- [Goal of the exercise]: The whole listing should come back exactly as written, except for the pictures.

- [The data]:
____
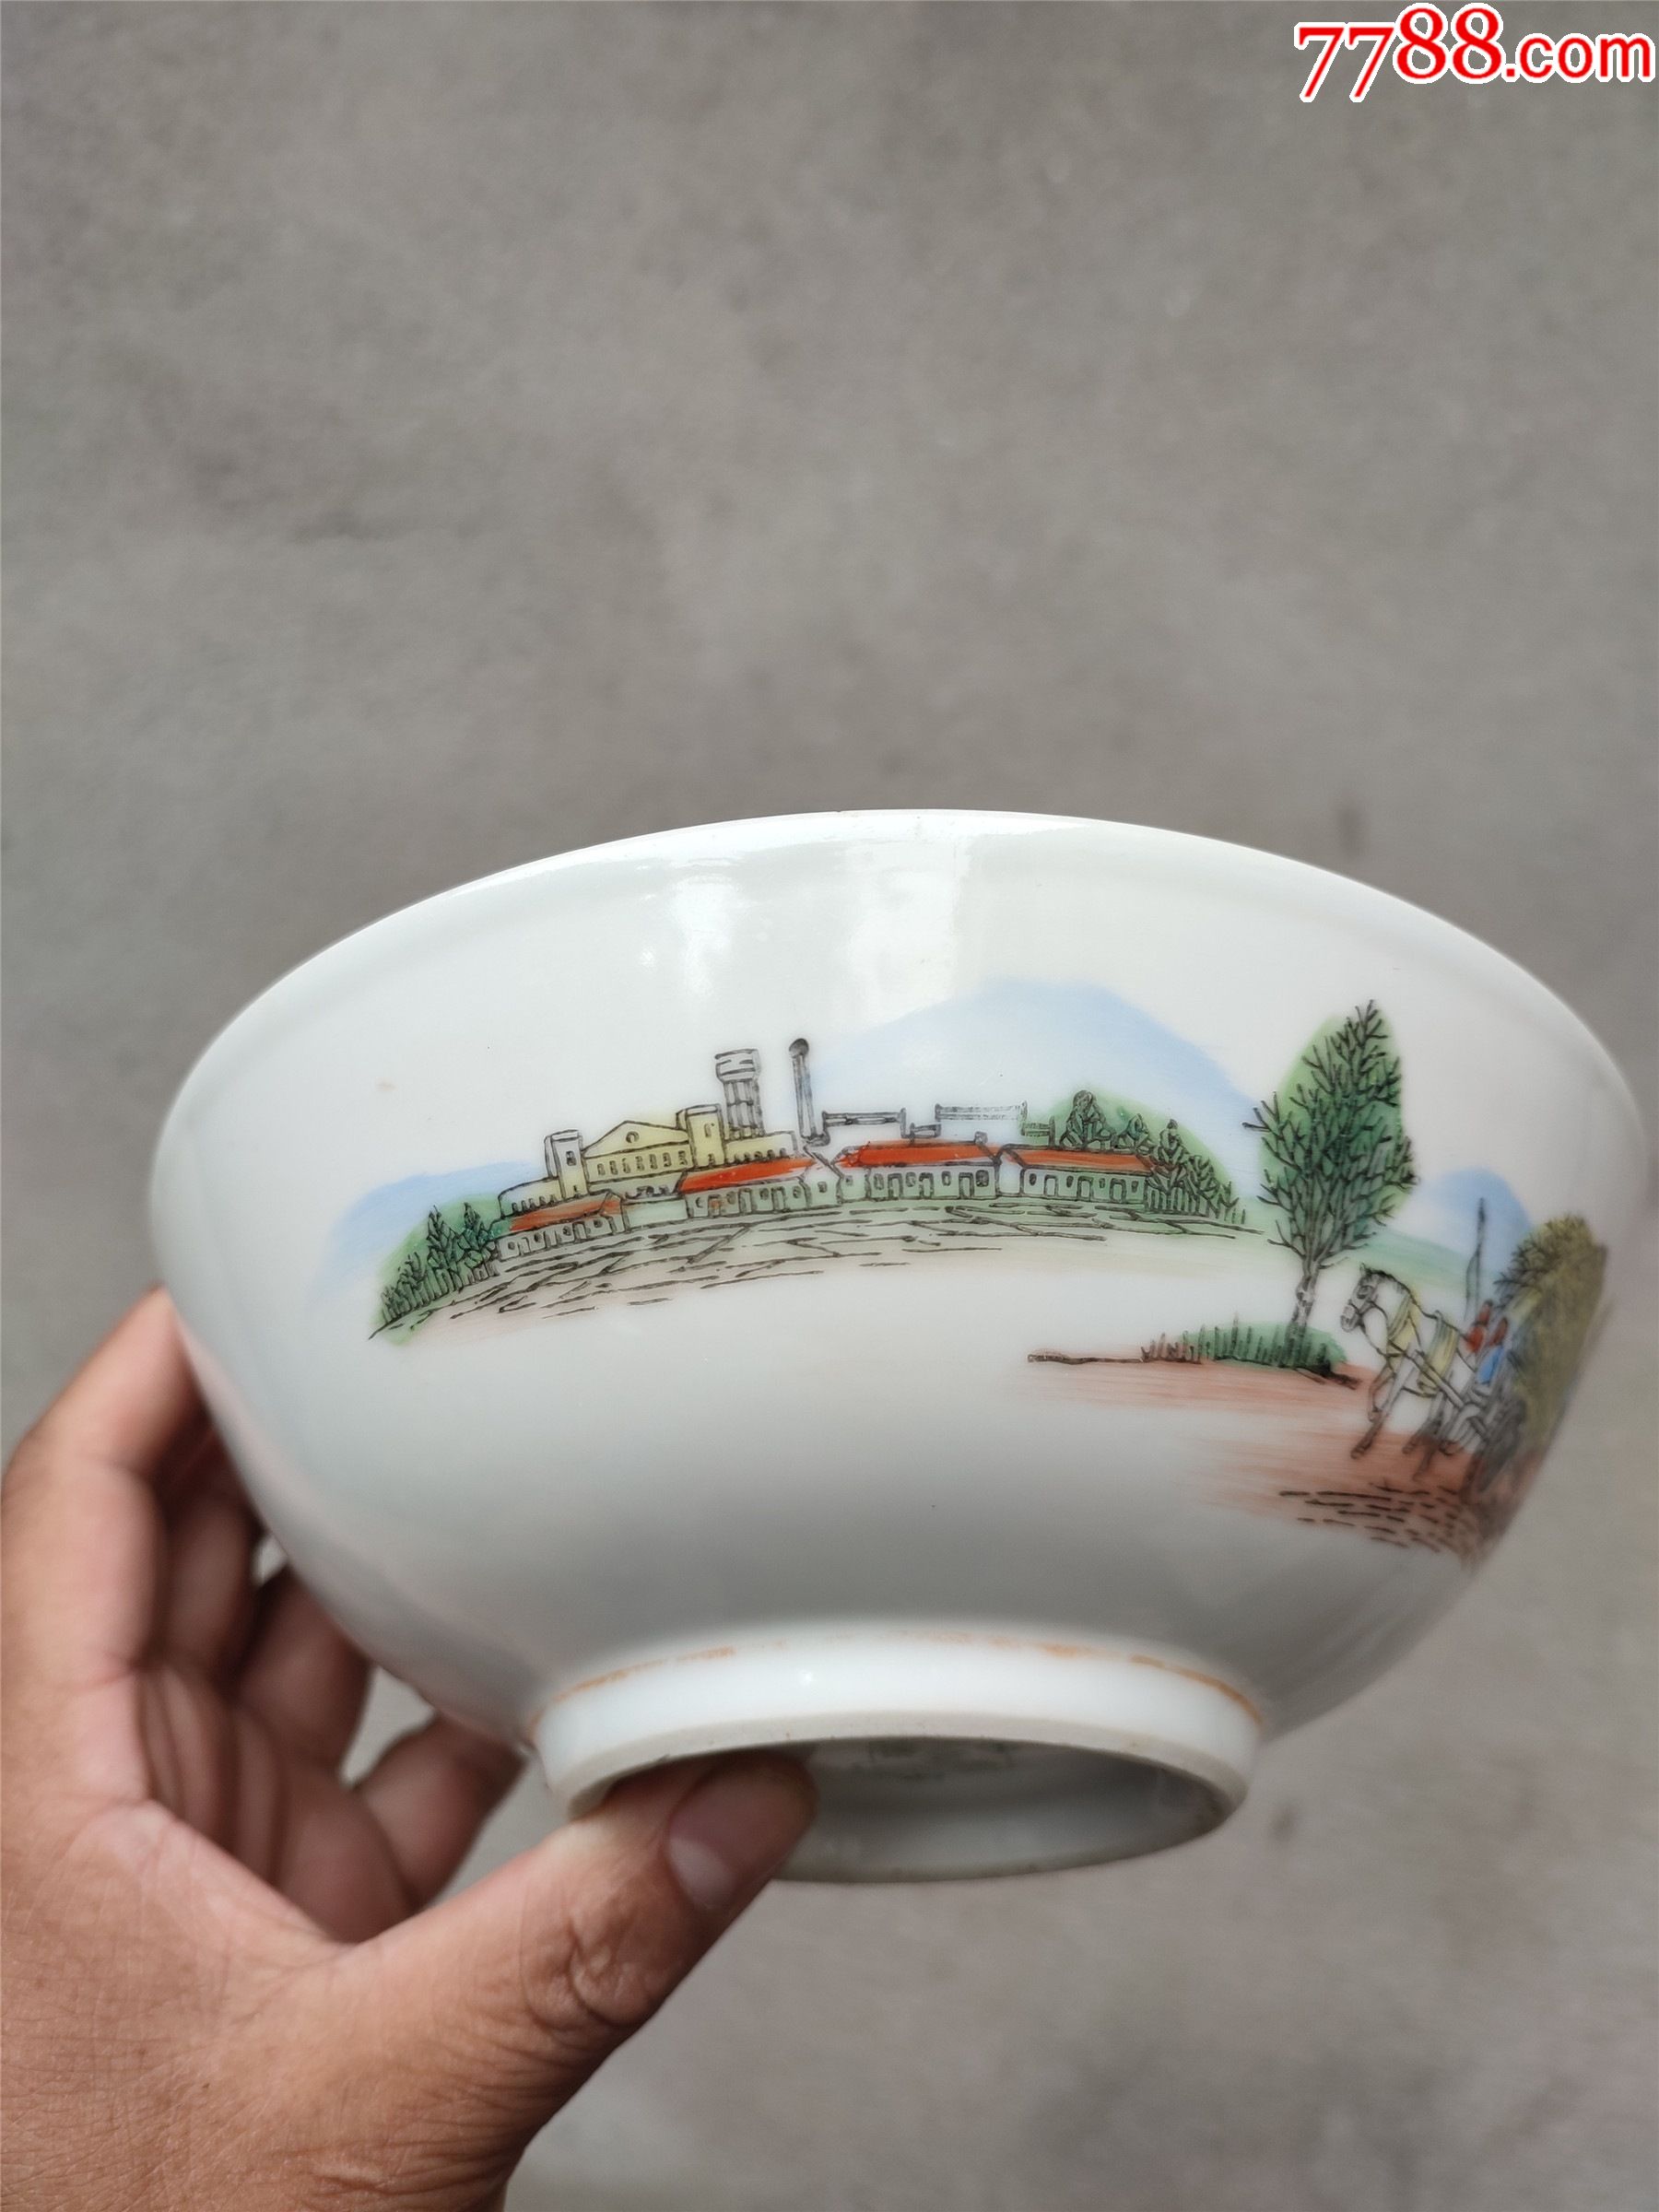 六七十年代的瓷器碗,口径17厘米,有一个小磕,没有冲线
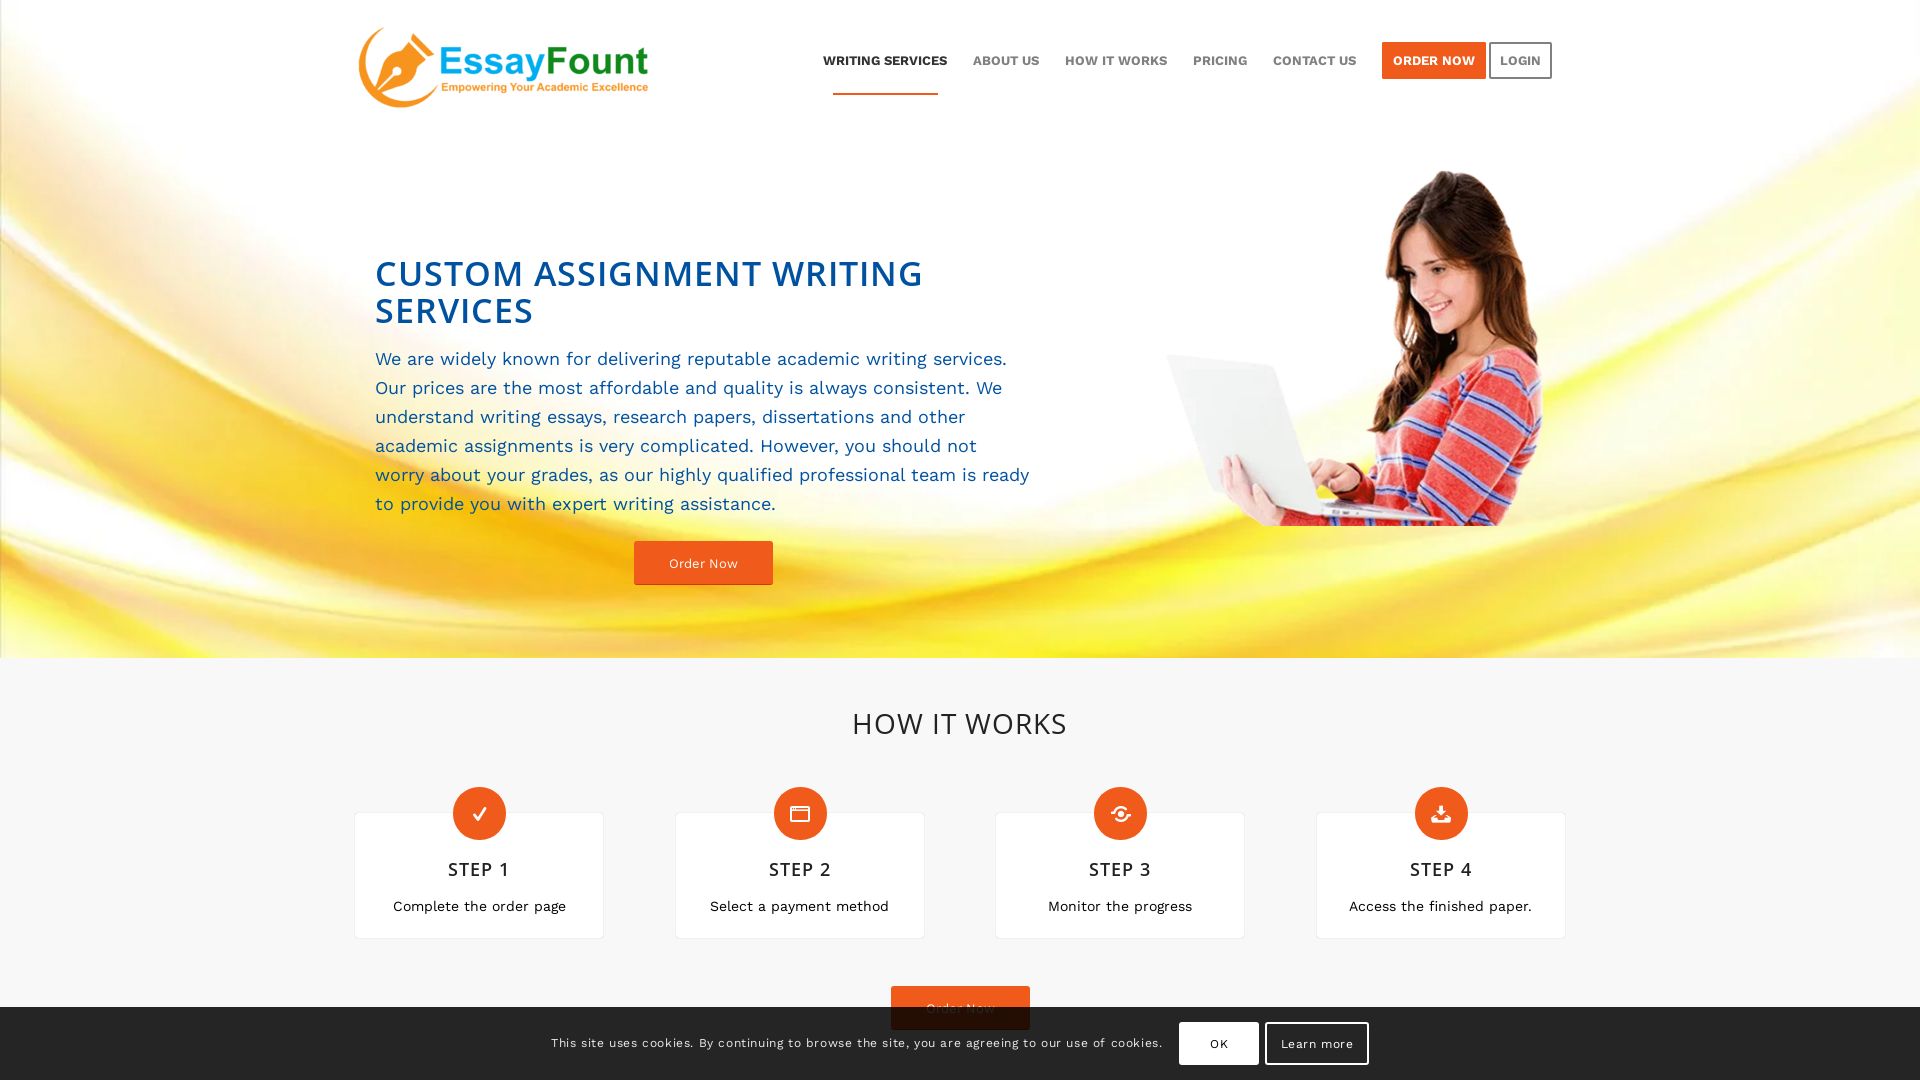 网站状态 essayfount.com 是  在线的
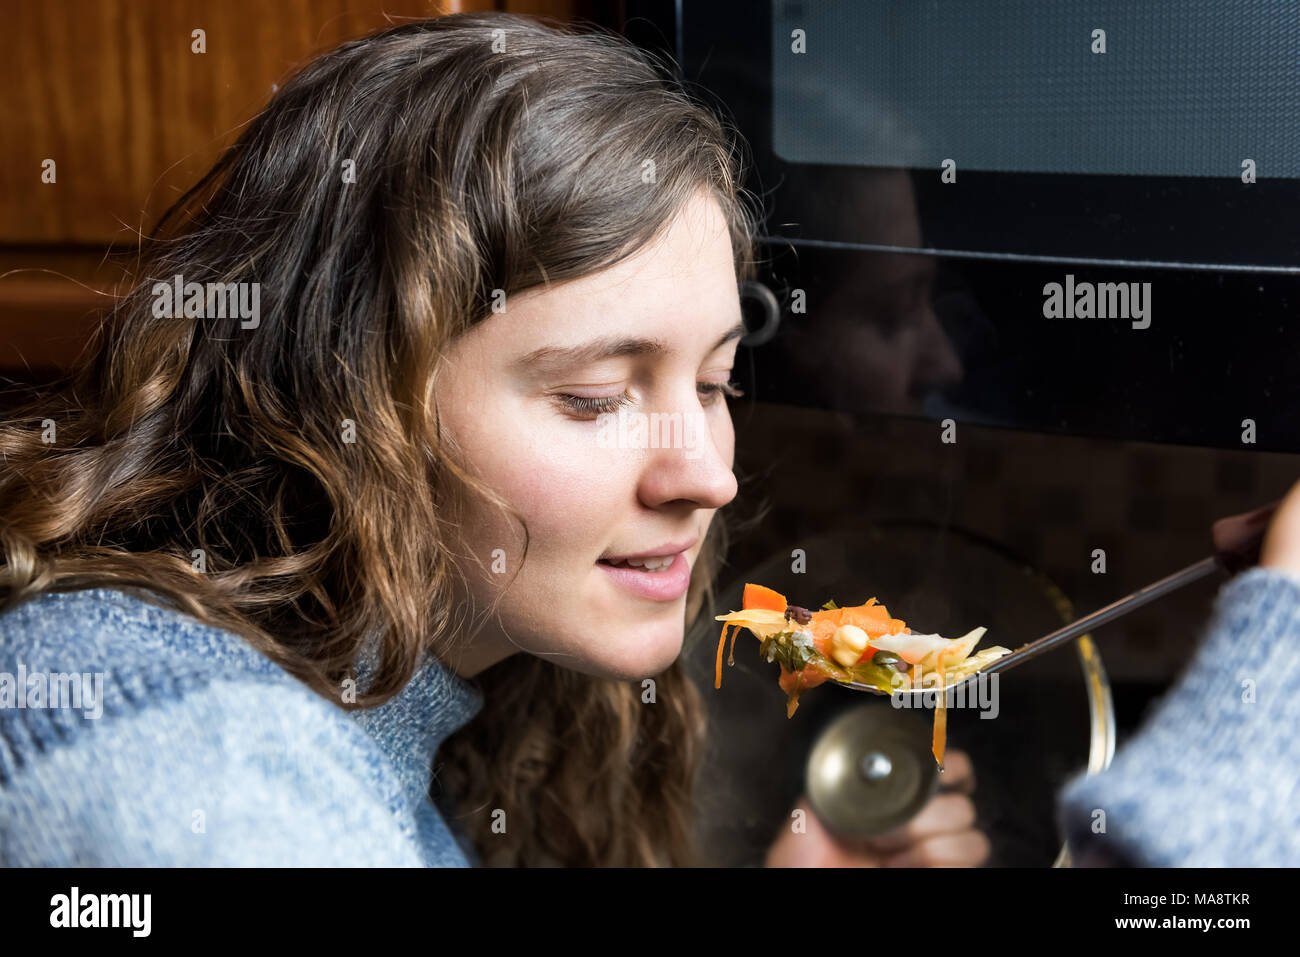 Portrait de gros plan visage jeune femme essayant d'hiver chaud chaud maison soupe de légumes de spoon, bouche ouverte smiling in cold sweater Banque D'Images
____
- [Solution for this problem]:
 六七十年代的瓷器碗,口径17厘米,有一个小磕,没有冲线
 网站状态 essayfount.com 是  在线的
 Portrait de gros plan visage jeune femme essayant d'hiver chaud chaud maison soupe de légumes de spoon, bouche ouverte smiling in cold sweater Banque D'Images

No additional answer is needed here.